Corresponding author: Saria Dbar, MD, Academic Fellow, Non-inflammatory Bowel Diseases, Moscow Health Department, Moscow Clinical Scientific Center n.a. A.S. Loginov, Shosse Entuziastov 86, Build 1, Moscow 111123, Russia. saradbar@yandex.ru
Received: January 9, 2021
Peer-review started: January 9, 2021
First decision: January 29, 2021
Revised: February 12, 2021
Accepted: April 22, 2021
Article in press: April 22, 2021
Published online: June 16, 2021

Abstract
BACKGROUND

Functional bowel disorder (FBD) may be caused by a decrease in disaccharidase activity. Thus, the timely diagnosis of disaccharidase deficiency could lead to a better prognosis in patients with this condition.

AIM

To determine the potential value of intestinal disaccharidases glucoamylase, maltase, sucrase, and lactase in understanding the etiology and pathogenesis of FBD.

METHODS

A total of 82 FBD patients were examined. According to the Rome IV criteria (2016), 23 patients had diarrhea-predominant irritable bowel syndrome (IBS), 33 had functional diarrhea, 10 had constipation-predominant IBS, 4 had functional constipation, and 12 had mixed IBS. The Dahlqvist method was used to measure disaccharidase activity in the brush-border membrane of mature enterocytes of the small intestine, in duodenal biopsies obtained during esophagogastroduodenoscopy.

RESULTS

Lactase deficiency was detected in 86.5% of patients, maltase deficiency in 48.7%, sucrase deficiency in 50%, and glucoamylase deficiency in 84.1%. The activities of all enzymes were reduced in 31.7% of patients, and carbohydrase deficiency was detected in 63.5% of patients. The low activity of enzymes involved in membrane digestion in the small intestine was found in 95.2% of patients.

CONCLUSION

In 78 of the 82 patients with FBD, gastrointestinal symptoms were associated with disaccharidase deficiency.

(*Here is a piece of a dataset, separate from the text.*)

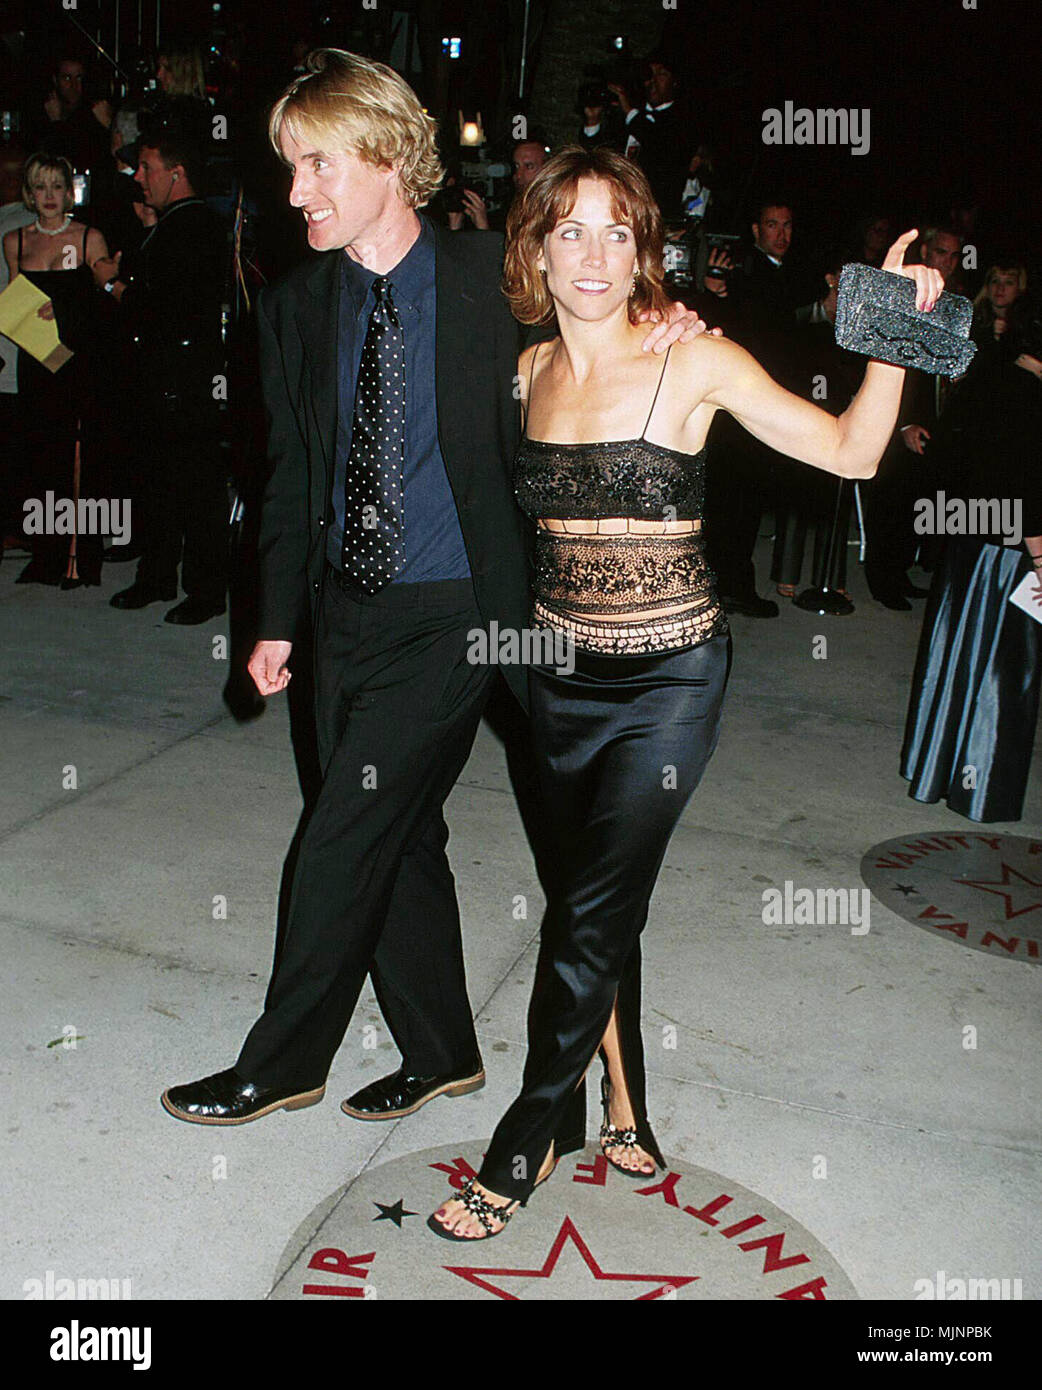 26 Mar 2000, Los Angeles, California, USA --- Owen Wilson and Sheryl Crow --- ' Tsuni / Bourquard 'Owen Wilson and Sheryl Crow Owen Wilson and Sheryl Crow Owen Wilson and Sheryl Crow Event in Hollywood Life - California,  Red Carpet Event, Vertical, USA, Film Industry, Celebrities,  Photography, Bestof, Arts Culture and Entertainment, Topix  Celebrities fashion /  from the Red Carpet-1994-2000, one person, Vertical, Best of, Hollywood Life, Event in Hollywood Life - California,  Red Carpet and backstage, USA, Film Industry, Celebrities,  Photography, Bestof, Arts Culture and Entertainment,  To Stock Photo

Key Words: Functional bowel disorder, Irritable bowel syndrome, Disaccharidase deficiency, Maltase deficiency, Sucrase deficiency, Lactase deficiency

Core Tip: Our study has shown that patients with functional bowel disorders (FBDs) often had a deficiency of intestinal enzymes. We supposed that there can be a different mechanism for developing FBD: A damage of the small intestine mucous membrane may result in a decreased activity of the enzymes on the brush border of enterocytes, which leads to the disorder of carbohydrates' hydrolysis and the accumulation of osmoactive substances in the lumen of the small intestine, in its turn it causes a bacterial overgrowth in the small intestine, stool disorder, abdominal pain and bloating. The timely diagnosis of disaccharidase deficiency could lead to a better prognosis in patients with FBD.
INTRODUCTION

Functional bowel disorder (FBD) clinically manifests as changes in stool frequency and consistency, sometimes accompanied by abdominal pain associated with defecation[1]. According to the Rome IV criteria (2016), FBD includes irritable bowel syndrome (IBS), functional diarrhea (FD), and functional constipation (FC). Their etiology is unknown and the pathogenesis is caused by visceral hypersensitivity and intestinal motility disorders, which are induced by dysfunction of the central nervous system and immune system, and alterations in intestinal microbiota[2]. Conventional light microscopy has shown that the intestine of patients with FBD lacks morphological changes. However, changes remain a possibility because functional pathology cannot exist in principle alone, as the function of the body is a reflection of structural changes[3]. The changes may exist at the molecular level, which would require different technology for detection. In addition, clinical symptoms of FBD have been observed in cases of intestinal digestion disorders caused by a deficiency of membrane enzymes in the small intestine mucosa[4].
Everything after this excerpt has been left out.